Oleh karena itu tidak heran jika terjadi ketidaksesuaian (mismatch) antara biaya dan subsidi. Pendapatan PLN dari tarif, ditambah subsidi tidak sama dengan biaya produksi untuk setiap pelanggan, mengingat asumsi-asumsi teknis yang disepakati secara politik untuk menentukan besaran tarif dan subsidi, tidak dapat tercapai atau berubah seiring perjalanan waktu. Tidak heran, apabila dalam rangka mendongkrak pendapatan sekaligus menutupi biaya produksi listrik, PLN menggunakan instrumen lain, contohnya tarif DayaMax, dengan alasan agar pelanggan industri berhemat dalam penggunaan listriknya.
Keputusan menaikkan TDL rata-rata 10 persen, dan porsi kenaikan lebih besar bagi golongan industri dan bisnis sangat sarat dengan muatan kepentingan politik parpol. Dengan tarif lama, seluruh golongan pelanggan menerima subsidi dengan besaran yang bervariasi. Golongan pelanggan R-1 450 dan 900 VA menerima 45-48 persen uang subsidi, pelanggan industri I-3 dan I-4 menerima 30 persen, pelanggan B-I dan B-2 menikmati 9 persen alokasi subsidi. Adapun golongan I-1 dan I-2 hanya menikmati 2 persen uang subsidi, sisanya dibagi oleh pelanggan rumah tangga lain dan sosial.
Dengan demikian, penyesuaian TDL seharusnya menyertakan penyesuaian tarif listrik bagi pelanggan rumah tangga 450 dan 900 VA, yang jumlahnya mencapai 31 juta dan mengkonsumsi sekitar 45 persen energi listrik yang diproduksi. Sangat disayangkan, eksekutif dan DPR justru mempertahankan tarif untuk golongan ini, dengan alasan mereka adalah kelompok rumah tangga miskin atau kurang mampu. Berhubung besaran subsidi telah dipatok, untuk menghindari kenaikan subsidi listrik maka beban kenaikan TDL pun dilimpahkan kepada pelanggan lain.
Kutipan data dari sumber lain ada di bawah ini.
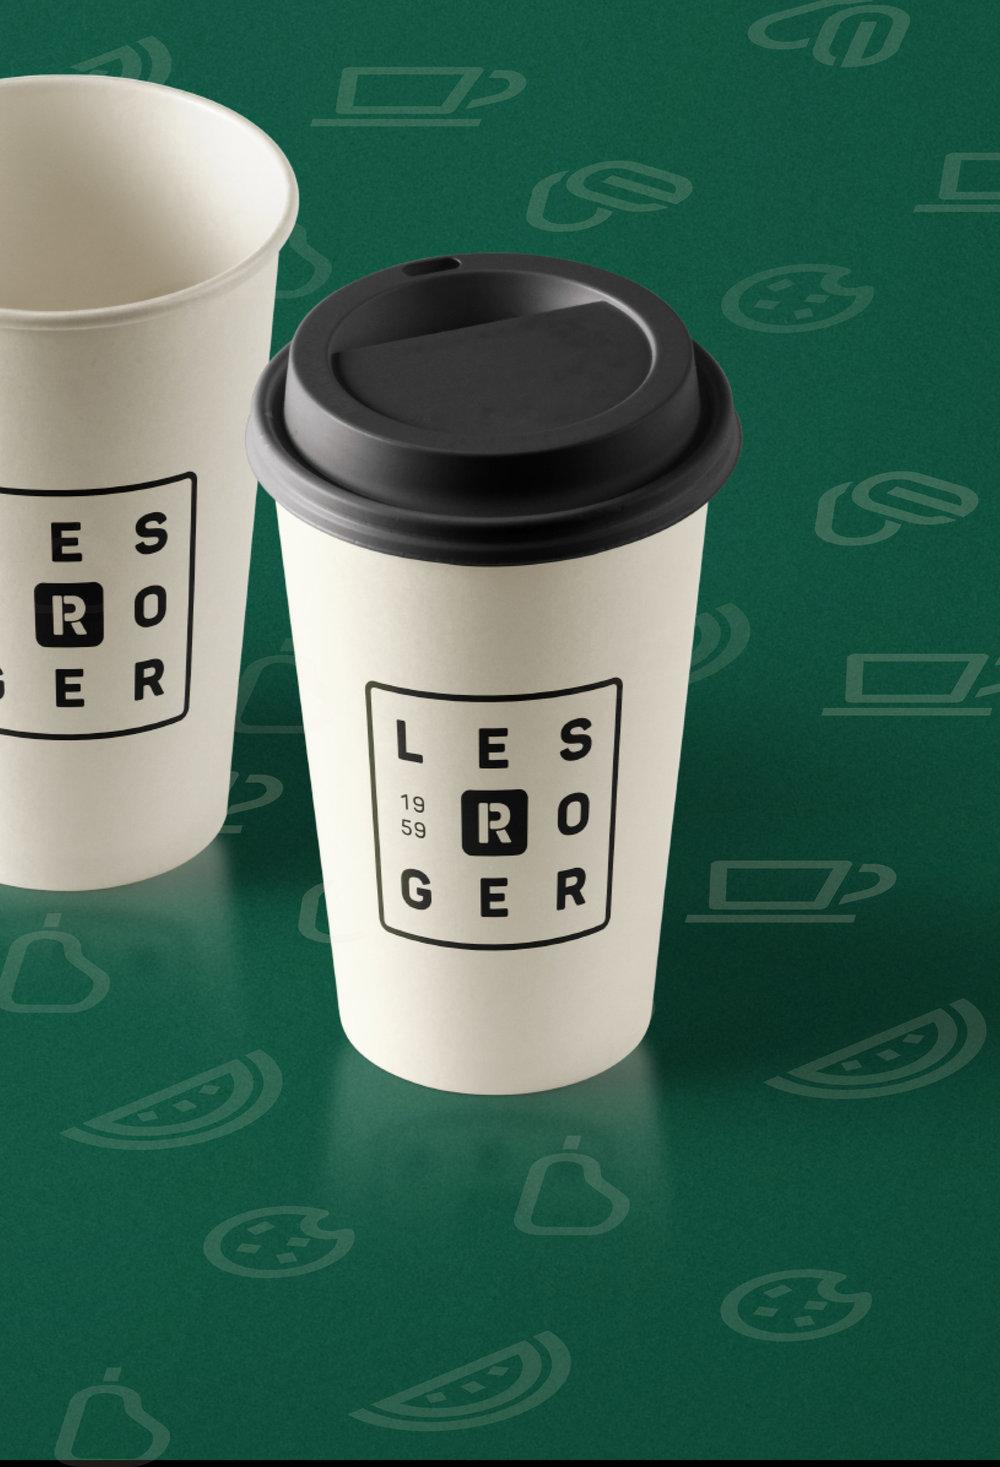 LES ROGER / Identité visuelle Logos, identité visuelle

Kebijakan ini memang kurang tepat karena berkaca dari negara lain, tarif listrik untuk industri biasanya dibuat lebih rendah dibandingkan dengan setrum untuk bisnis dan rumah tangga. Hal ini disebabkan listrik adalah komponen produksi barang dan jasa, selain biaya produksi listrik untuk industri relatif lebih rendah dibandingkan rumah tangga. Adapun listrik pada rumah tangga dipakai untuk kegiatan non-produktif yang tidak berdampak pada inflasi.
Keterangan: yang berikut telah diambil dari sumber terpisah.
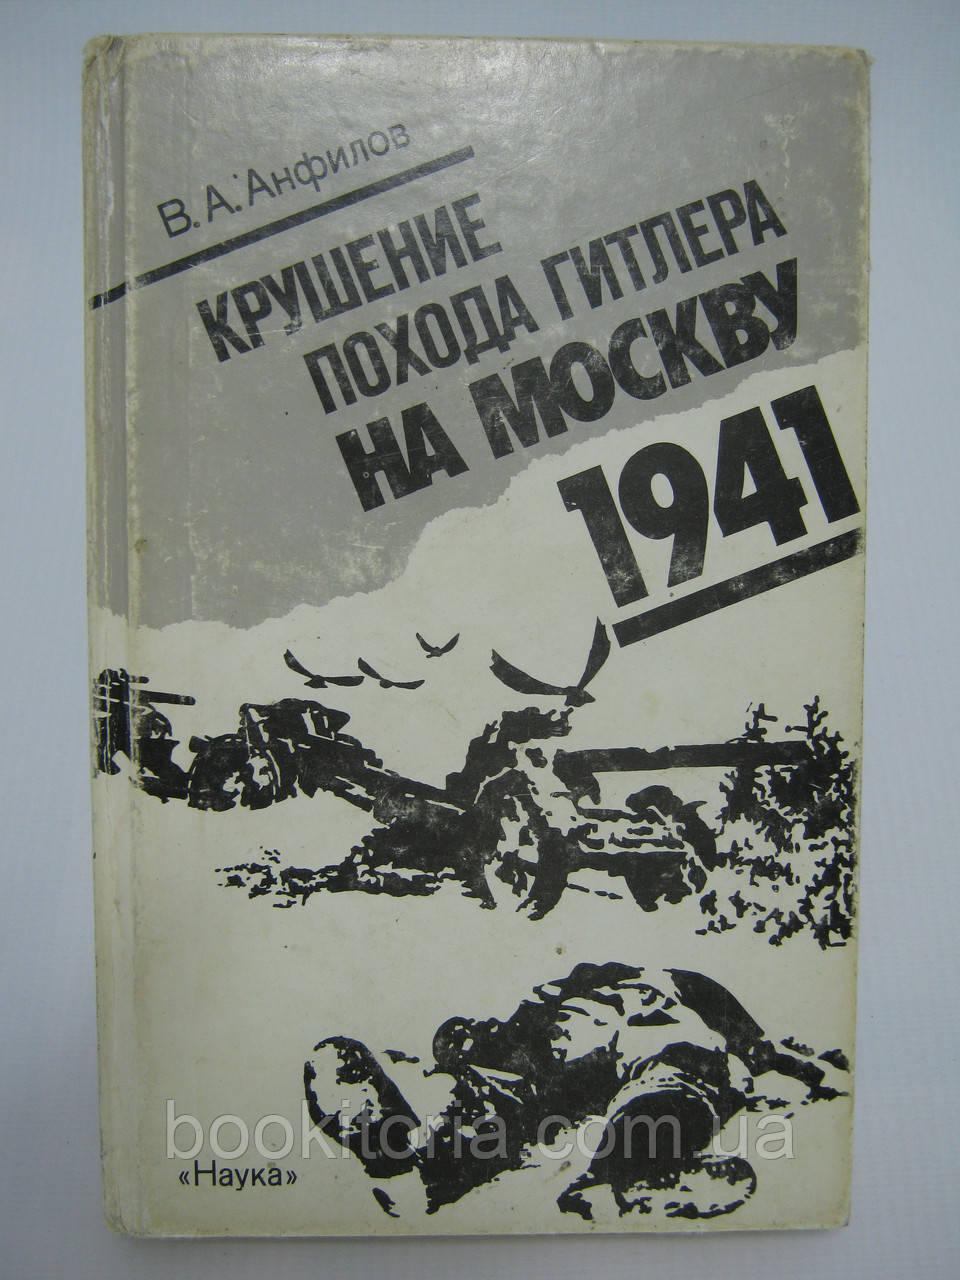 Анфилов В.А. Крушение похода Гитлера на Москву. 1941 (б/у).

Politisasi kebijakan tarif listrik sangat berbahaya karena dapat menimbulkan distorsi ekonomi bahkan mengancam pasokan tenaga listrik di masa yang akan datang. Keputusan politik yang optimum tidak berarti paling optimal secara teknis dan ekonomis. Berangkat dari kisruh TDL yang saat ini terjadi, sudah selayaknya pemerintah mempertimbangkan pilihan untuk membentuk Public Utility Commission sebagai regulator yang bertugas mengawasi kinerja utilitas seperti PLN, mengawasi biaya produksi tenaga listrik, menetapkan patokan tarif yang layak berdasarkan pertimbangan teknis dan ekonomis bukan politis, serta menjadi wadah untuk memproses keberatan pelanggan terhadap pelayanan dan tarif melalui mekanisme public hearing.
Peran DPR perlu kiranya dibatasi sebagai pembuat undang-undang, mengawasi kinerja eksekutif dan sebagaimana hak budget yang dimilikinya, menetapkan subsidi listrik sesuai dengan standar pelayanan dan biaya yang dibutuhkan oleh utilitas publik. Dengan begitu, tarif listrik mencerminkan biaya produksi yang paling efisien serta jaminan mutu pelayanan yang handal dan tidak ada alasan bagi PLN untuk mempertahankan kinerja buruk dan industri untuk menolak tarif listrik yang berlaku.
Telah diterbitkan oleh Koran Kontan, Senin, 19 Juli 2010.